INFORMATION SHOWN
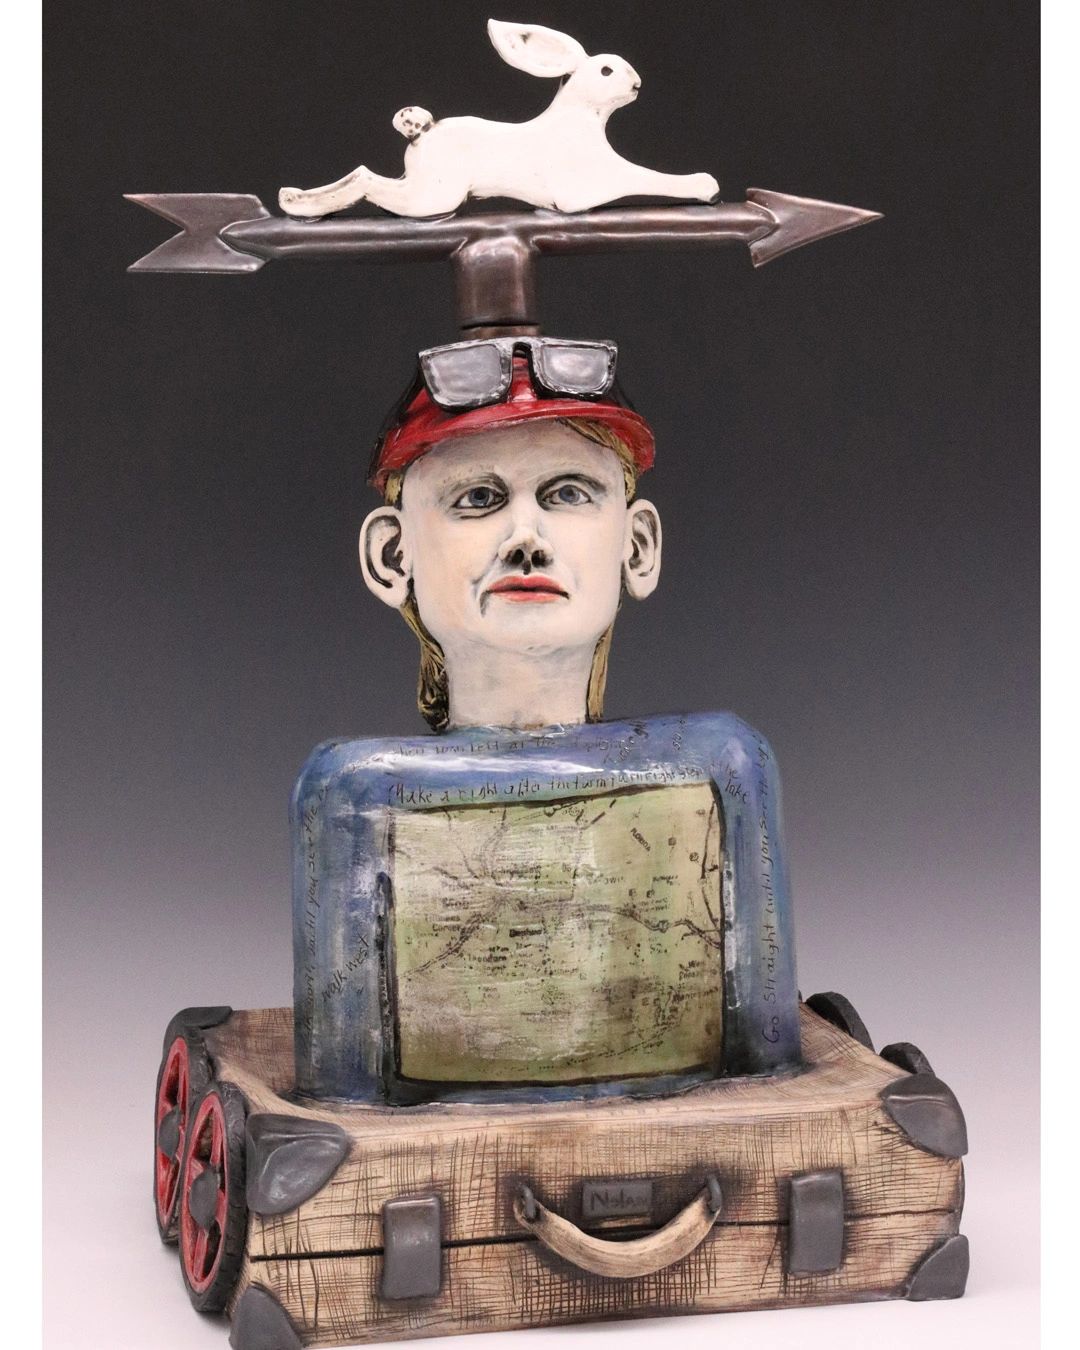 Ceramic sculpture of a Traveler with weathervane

==

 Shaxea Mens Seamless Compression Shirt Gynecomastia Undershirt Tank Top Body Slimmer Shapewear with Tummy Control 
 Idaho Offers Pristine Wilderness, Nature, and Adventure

EXERCISE DIRECTIONS
From the listing above, repeat exactly the lines starting at the line that includes "Shaxea Mens Seamless" and ending at the line that includes "Idaho Offers Pristine", with nothing outside that span.

RESPONSE TO THE TASK
 Shaxea Mens Seamless Compression Shirt Gynecomastia Undershirt Tank Top Body Slimmer Shapewear with Tummy Control 
 Idaho Offers Pristine Wilderness, Nature, and Adventure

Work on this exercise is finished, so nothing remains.